Defendant appeals the trial court’s judgment sentencing him to a term of not to exceed two years upon his jury conviction of violating §§ 321.560 and 321.561, The Code. These sections proscribe operating a motor vehicle after being convicted as an habitual traffic offender. Defendant contends (1) the trial court abused its discretion in sentencing him, and (2) was in error in the procedure employed in sentencing. We affirm the trial court.
The facts leading up to defendant’s conviction are not in dispute. Code section 321.555 defines an habitual offender. Section 321.560 provides alternative periods during which habitual offenders shall not be licensed to drive in this state. Section 321.561 provides:
“It shall be unlawful for any person convicted as an habitual offender to operate any motor vehicle in this state during the period of time specified in section 321.560. Any person guilty of violating the provisions of this section shall upon conviction be punished by imprisonment in the penitentiary for not more than two years and not*544withstanding the provisions of section 687.2 [defines a felony as a public offense which may be punished by imprisonment in the penitentiary, men’s reformatory or women’s reformatory], such conviction shall constitute a misdemeanor and not a felony.”

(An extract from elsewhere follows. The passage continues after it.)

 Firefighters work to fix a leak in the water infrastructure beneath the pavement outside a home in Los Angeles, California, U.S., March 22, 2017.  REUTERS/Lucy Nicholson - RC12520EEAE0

Following defendant’s conviction the trial judge ordered the department of Black Hawk County court services to make a pre-sentence investigation. The presentence investigation report was considered by the trial court in deciding defendant’s sentence.
I. We have discussed the scope of our review of criminal sentences in a number of recent cases including State v. Peckenschneider, 236 N.W.2d 334 (Iowa 1975):
* * It remains for the trial court to determine * * * whether the convicted person receives an indeterminate prison sentence or jail sentence or fine or some combination of such punishments. Section 789.15, The Code. Under § 793.18, The Code, we have retained authority to reduce the punishment thus imposed but not to determine the length to be served under an indeterminate sentence.
“In a long line of cases we have consistently said the determination of whether to sentence a defendant to jail or assess a fine rather than sentencing him to imprisonment in the penitentiary is addressed to the sound discretion of the trial court. (Authorities). These cases also note the trial court has similar discretion on the question of probation.” Peckenschneider, supra, 236 N.W.2d at 347-348. See also State v. Smith, 244 N.W.2d 325, 326 (Iowa 1976); State v. Hutchison, 243 N.W.2d 560, 561 (Iowa 1976).
We find no abuse of the trial court’s discretion. Defendant’s long record of traffic violations and numerous juvenile offenses indicate he was the sort of motor vehicle driver the legislature had in mind when this statutory offense was created and the punishment therefor prescribed.
Defendant asks us to interpret § 321.561 in such a way as to call for much closer scrutiny of trial court sentencing for this offense than for other offenses. He notes a misdemeanant under this section is to be punished in the same manner as a felon. This punishment was however prescribed specifically by the legislature. We believe the legislative purpose -is clear. There is nothing to indicate the legislature intended for violators of this section to be singled out for greater sentencing protection. See State v. Randall, 258 N.W.2d 359 (Iowa 1977). Defendant’s contention is without merit.
II. Defendant also argues the violators of this offense could be denied safeguards such as a presentence investigation, the right of allocution, notification of the right to appeal, (and notification of other rights upon a guilty plea). These complaints are of course “borrowed.” Here a presentence investigation was ordered and utilized. All defendant’s procedural rights were carefully guarded and accorded him. Defendant himself suffered no injury or prejudice and cannot be heard to complain because he can conjecture that other persons might. Cf. City of Des Moines v. Lavigne, 257 N.W.2d 485, 488 (Iowa 1977).
Defendant also suggests we adopt for this offense the views expressed by our minority in Peckensehneider, supra. This we decline to do.
As both defendant’s contentions are without merit the judgment of the trial court is hereby affirmed.
AFFIRMED.
All Justices concur except REYNOLD-SON, J., who concurs in the result.